- _INPUT MATERIAL_:
☆ ☆ ☆

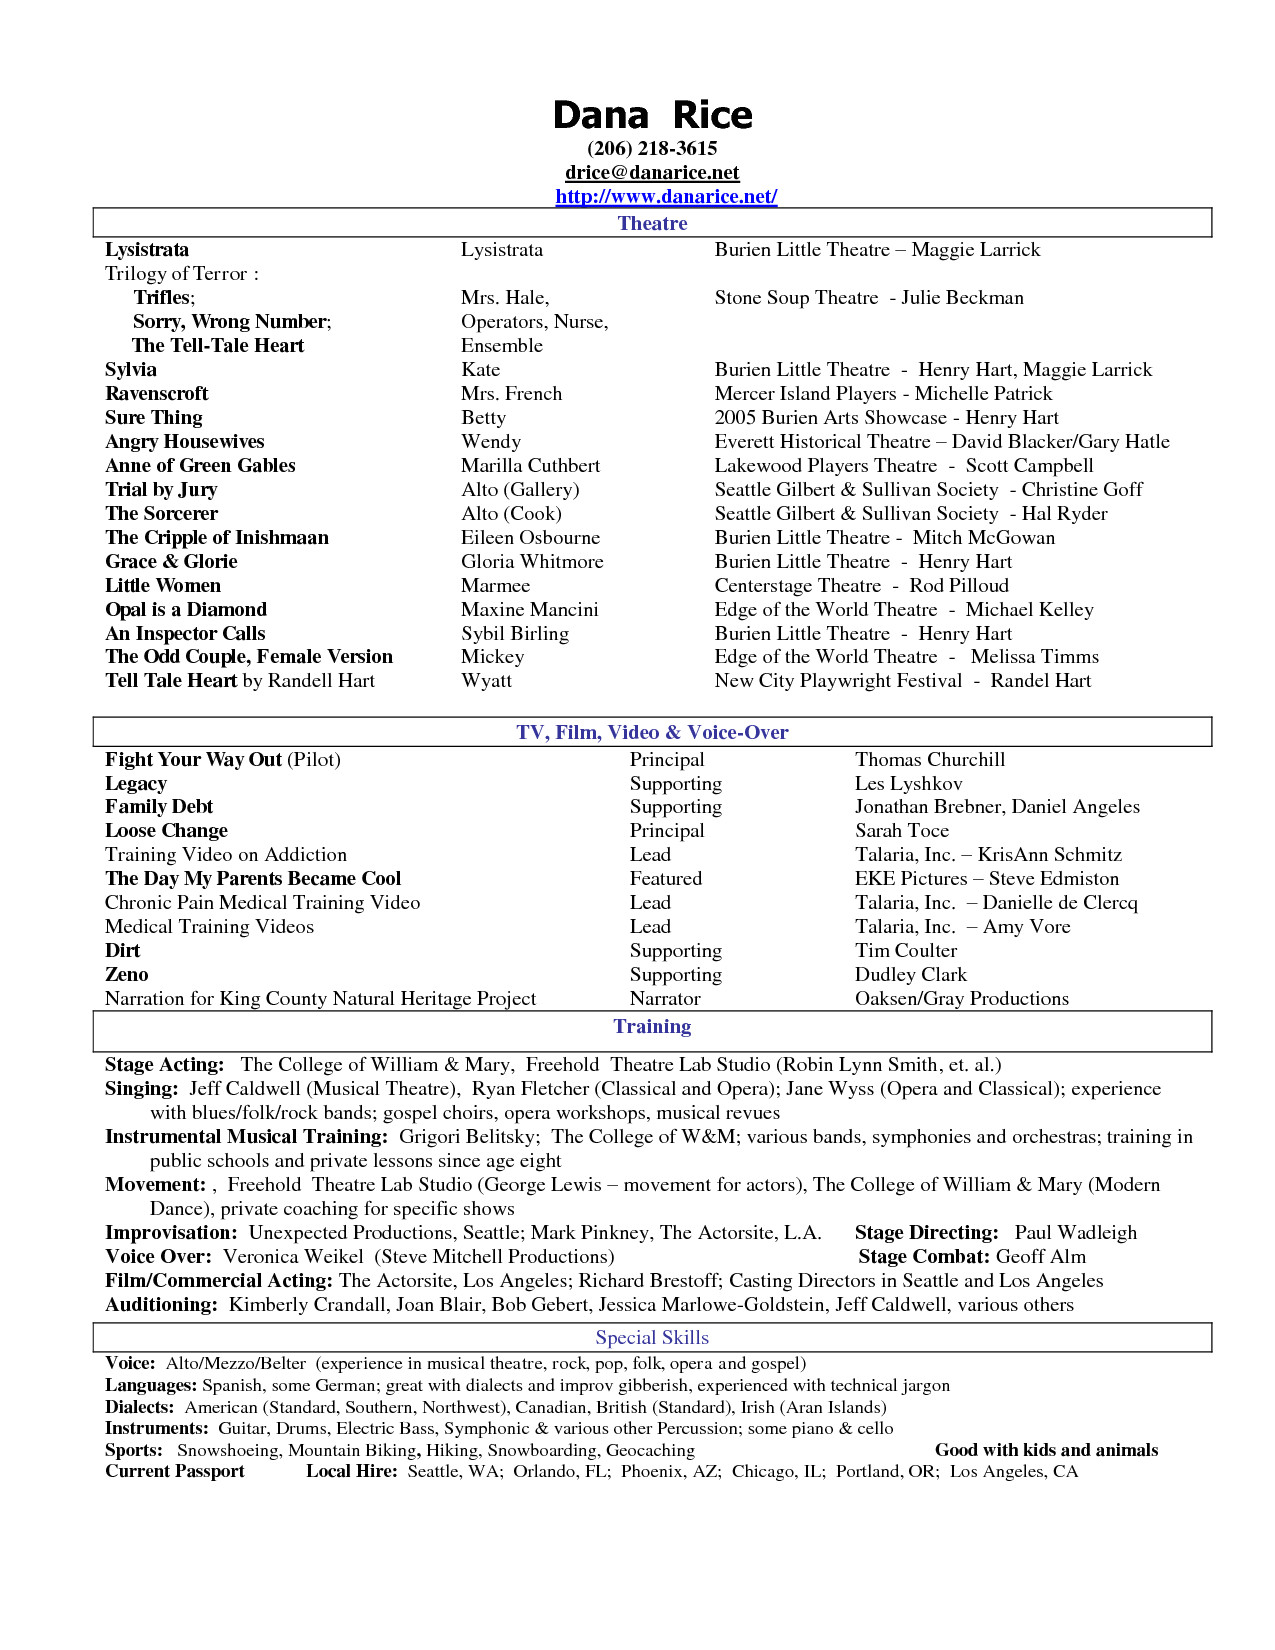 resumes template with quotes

☆ ☆ ☆

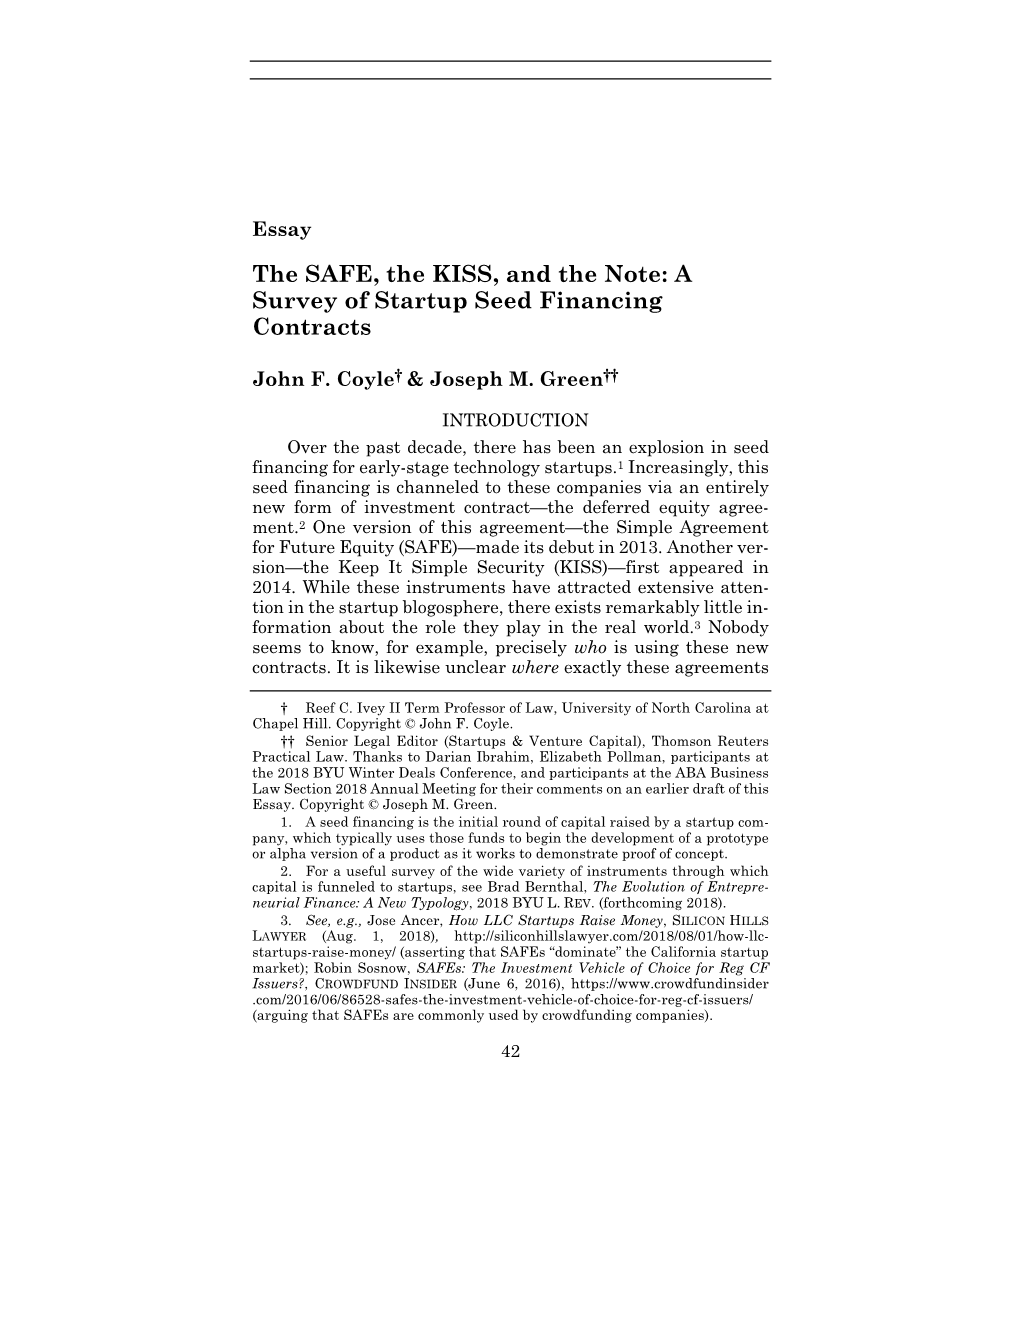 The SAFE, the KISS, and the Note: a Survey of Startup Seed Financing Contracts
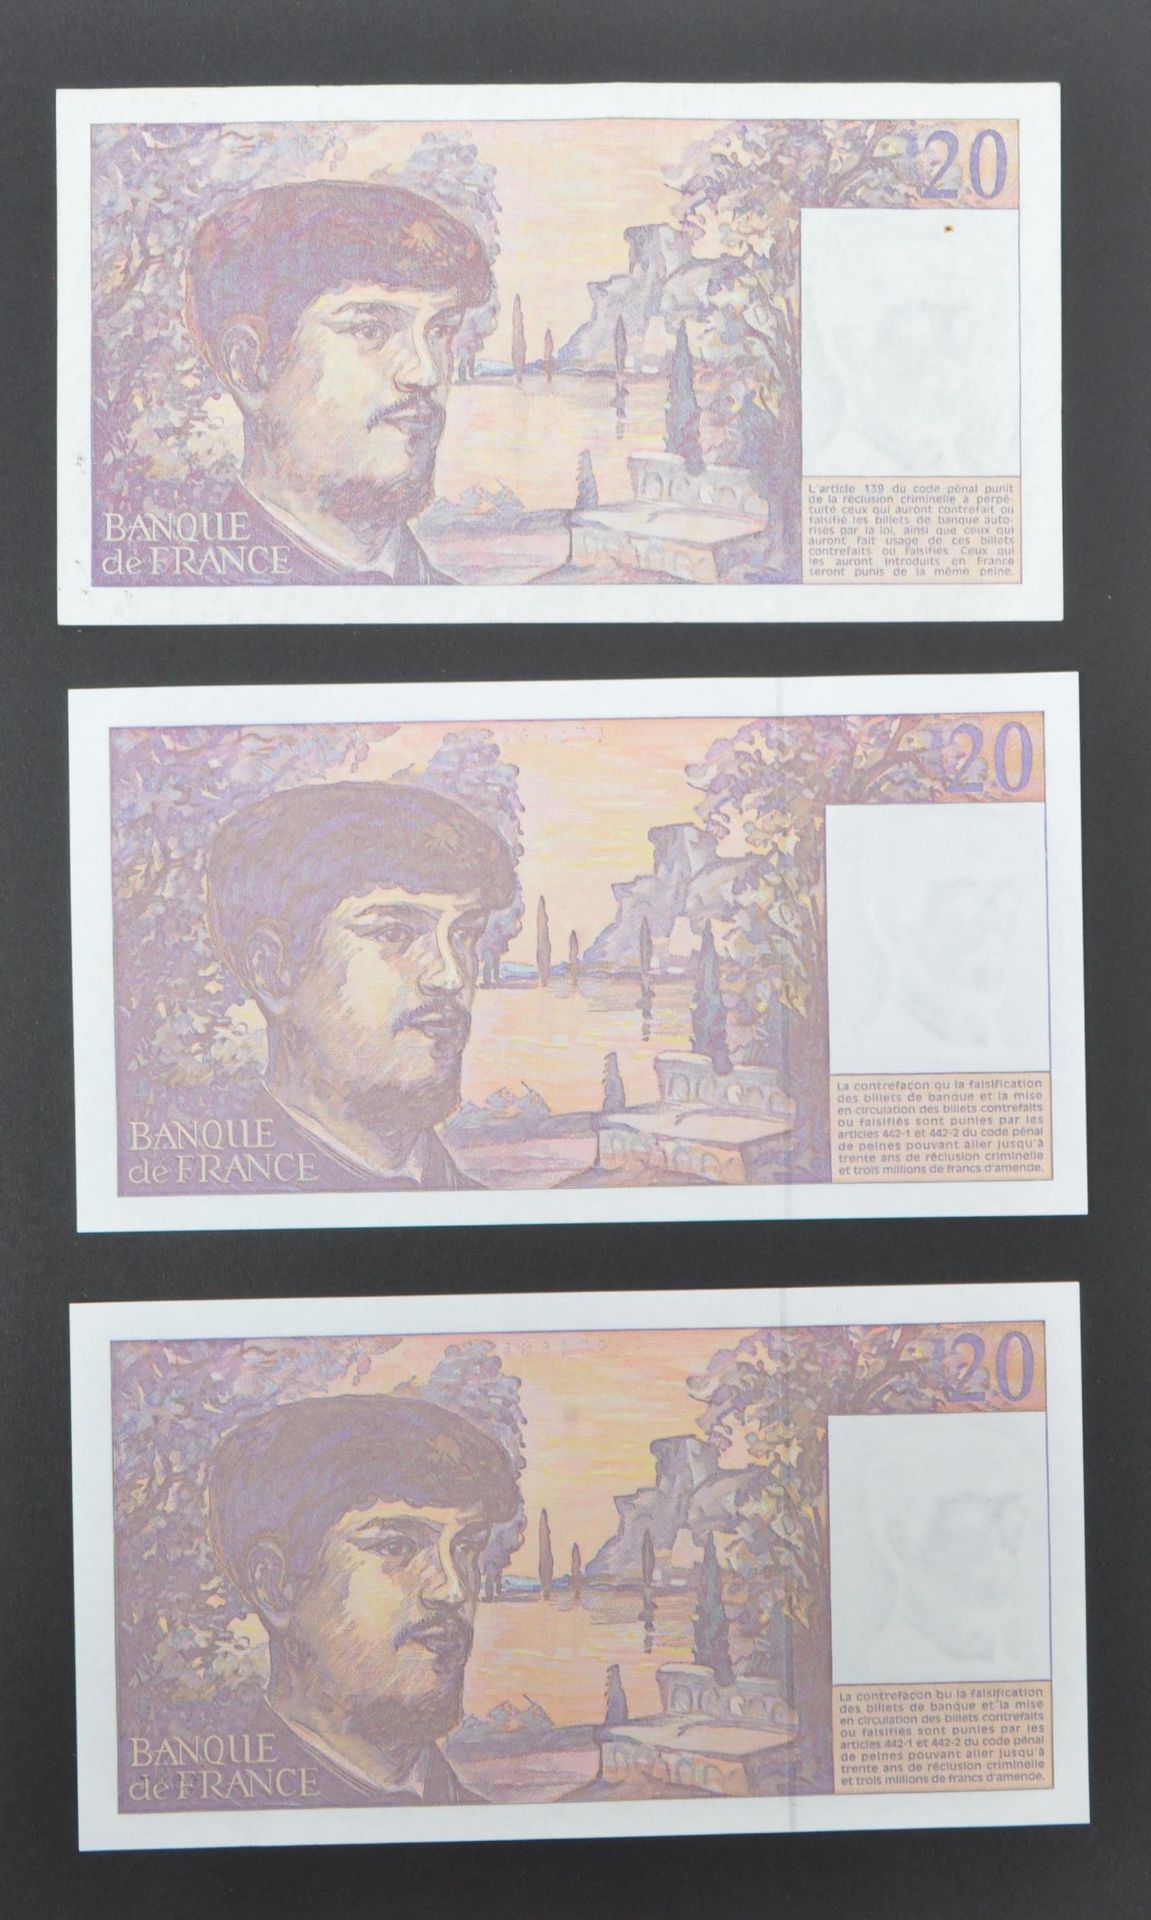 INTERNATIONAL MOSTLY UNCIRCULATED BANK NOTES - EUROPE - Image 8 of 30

☆ ☆ ☆

- _TASK REQUIREMENTS_:
Start with the line above containing "The SAFE, the" and end with the line containing "INTERNATIONAL MOSTLY UNCIRCULATED". Set down that stretch exactly, without any pictures.

- _RESPONSE TO THIS TASK_:
 The SAFE, the KISS, and the Note: a Survey of Startup Seed Financing Contracts
 INTERNATIONAL MOSTLY UNCIRCULATED BANK NOTES - EUROPE - Image 8 of 30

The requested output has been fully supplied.